Could the data below be copied exactly, minus the pictures?

DATA BELOW: Begin

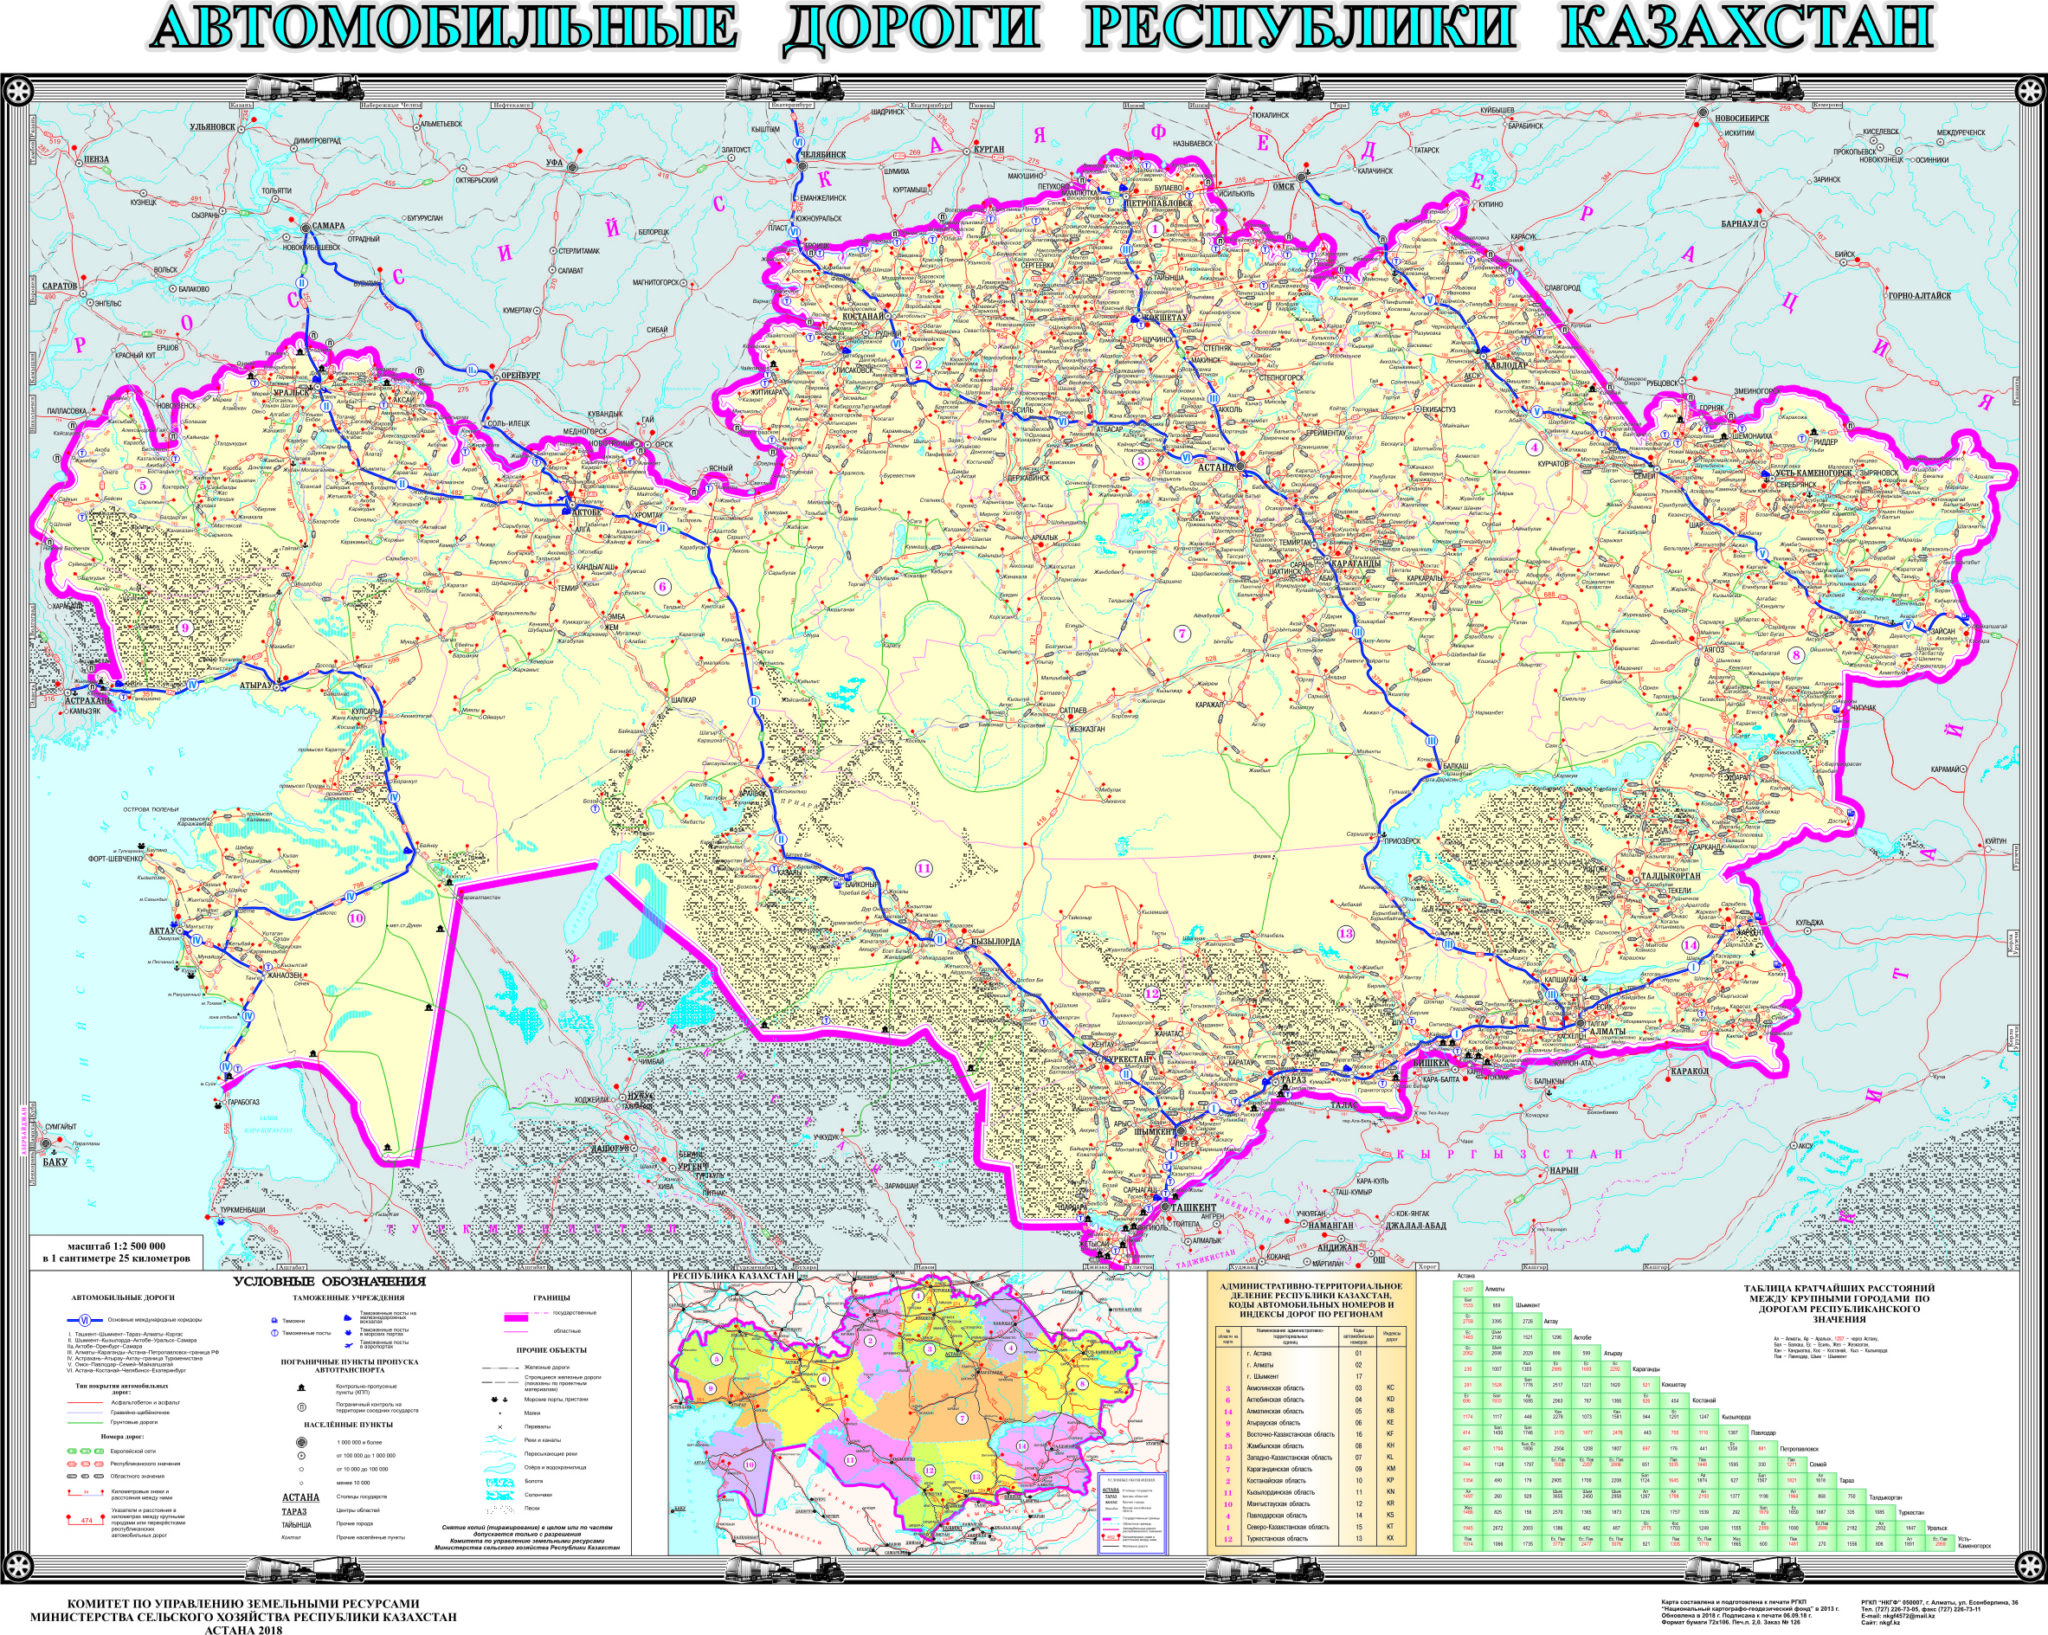 Карта казахстана с
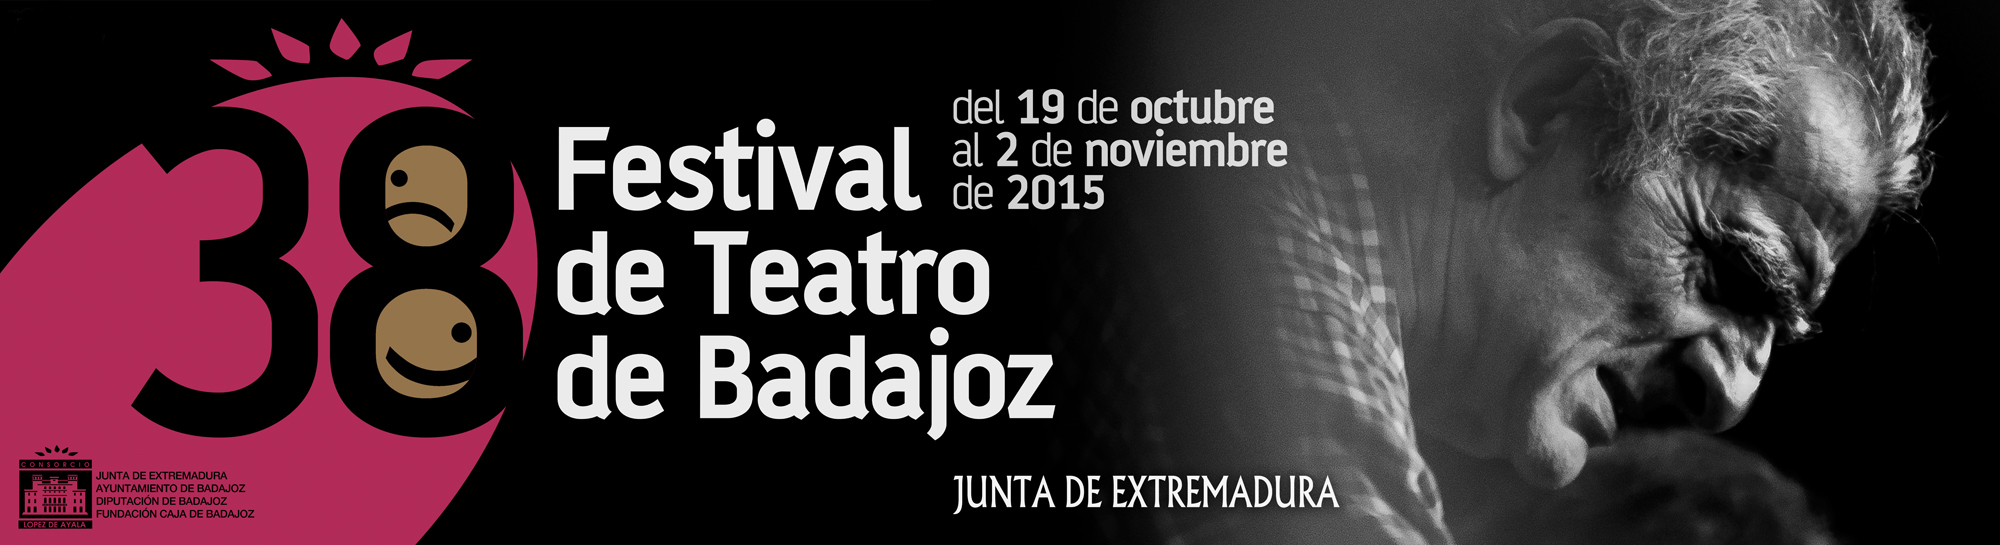 cartel-38festival-teatro-culturabadajoz
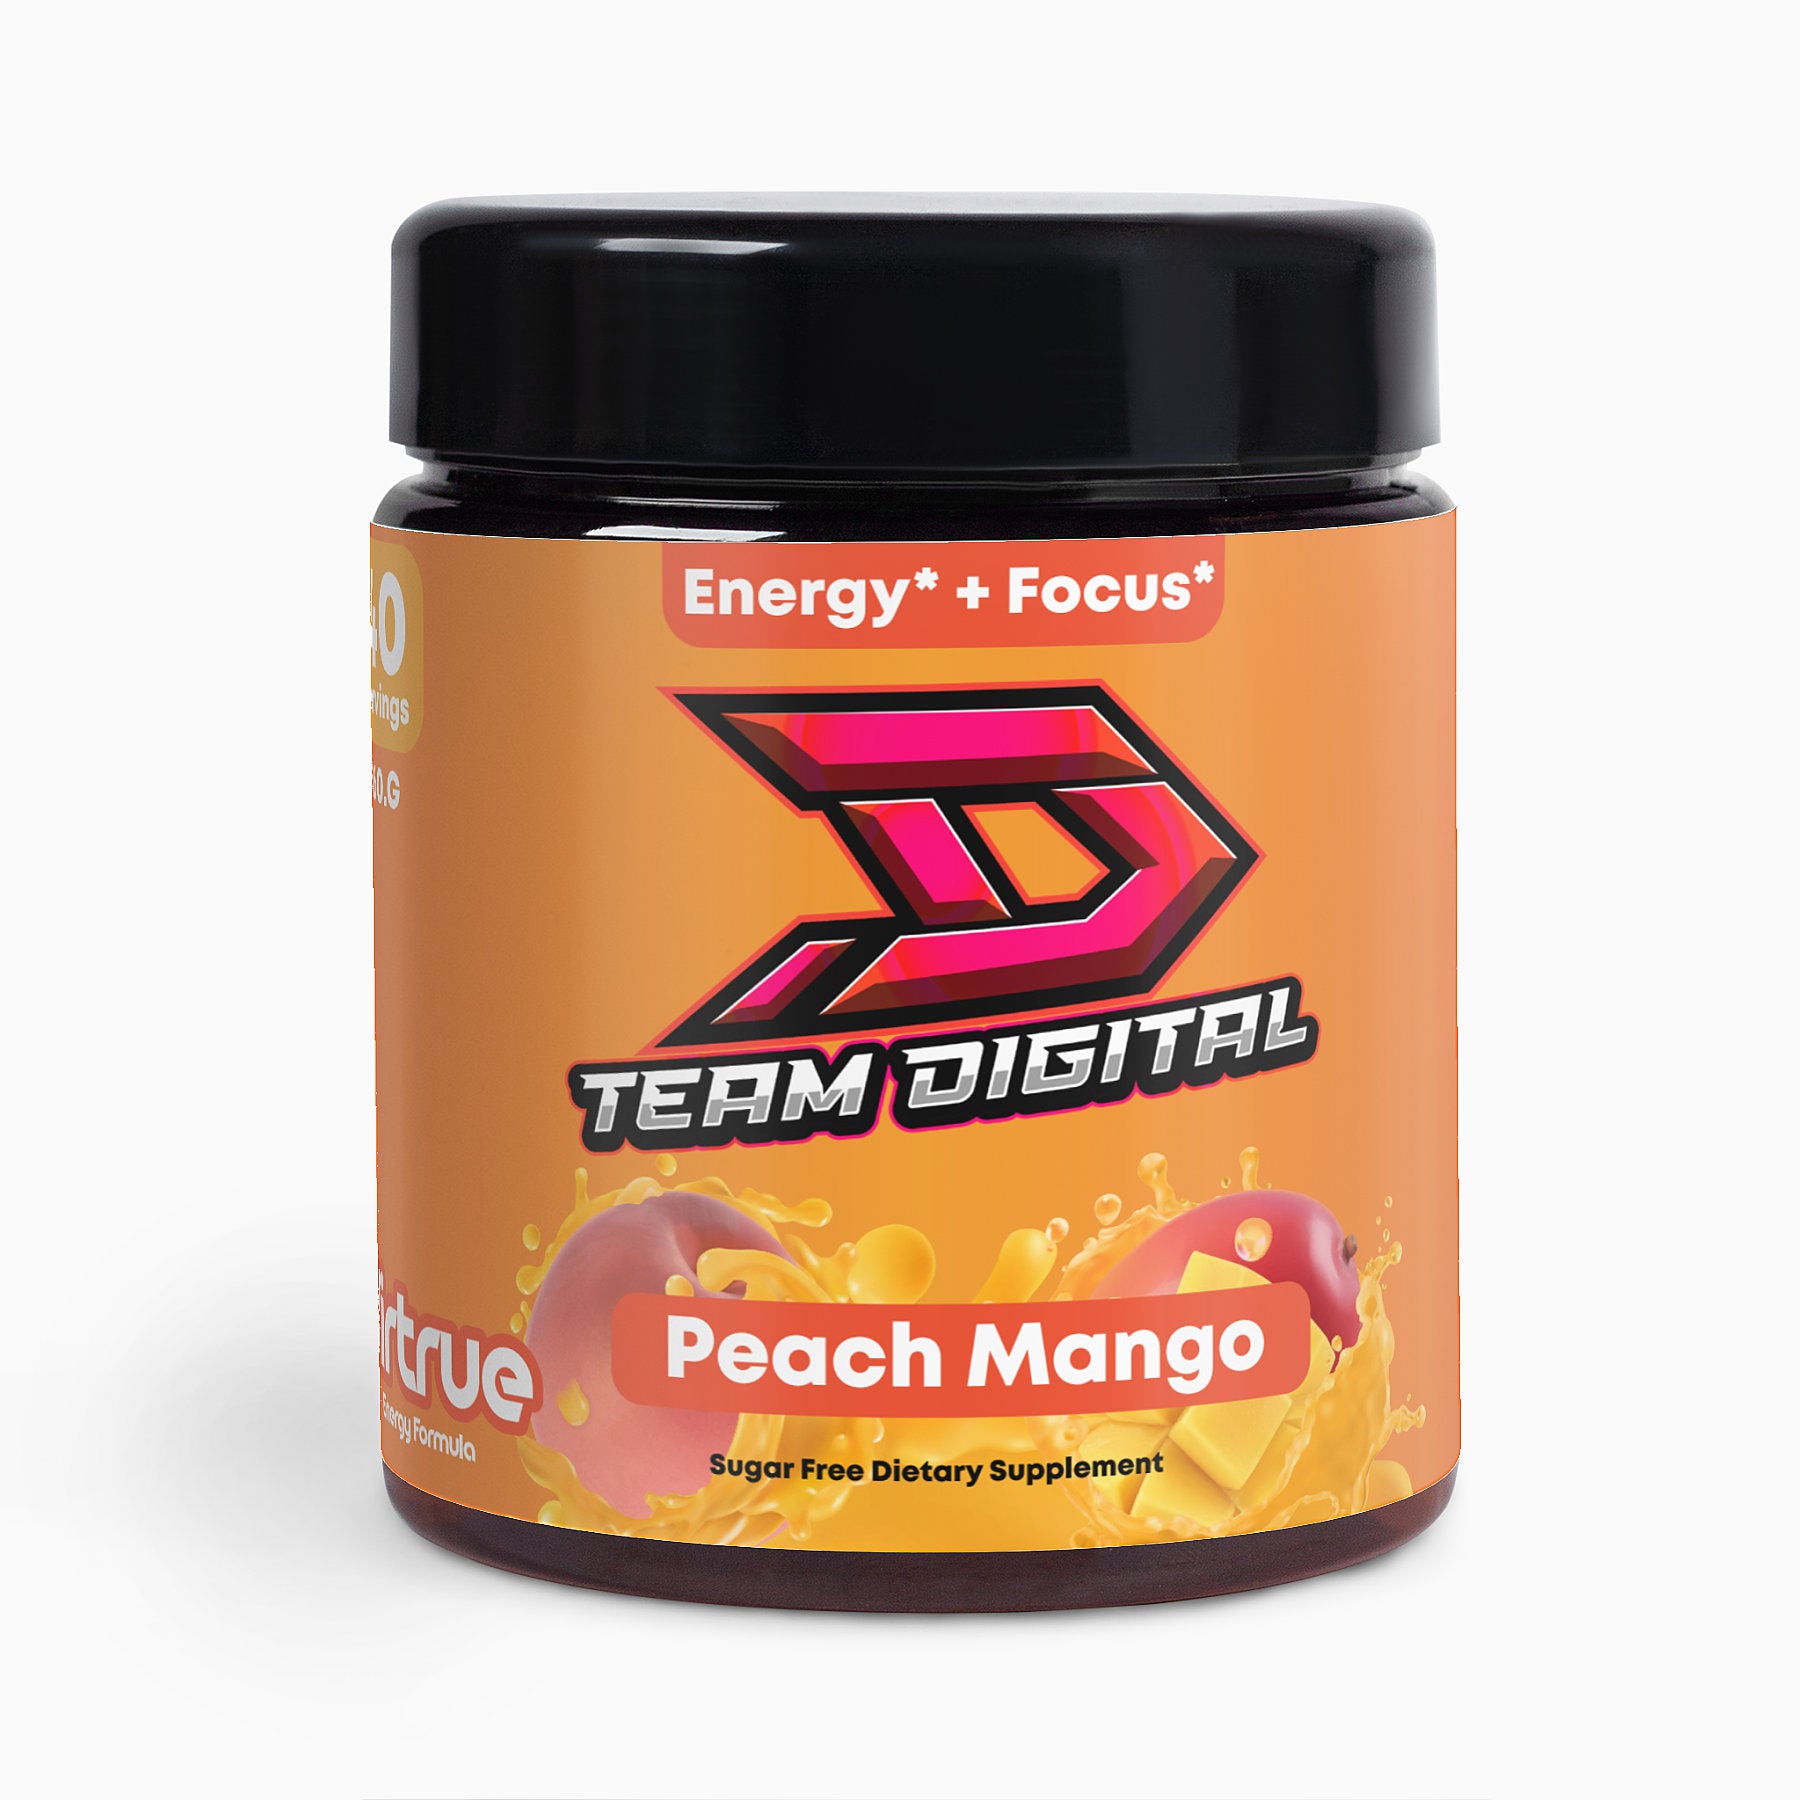 Digital Peach Mango Energy Formula - Inspired by Team Digital

DATA BELOW: End

## THE ANSWER
 Карта казахстана с
 cartel-38festival-teatro-culturabadajoz
 Digital Peach Mango Energy Formula - Inspired by Team Digital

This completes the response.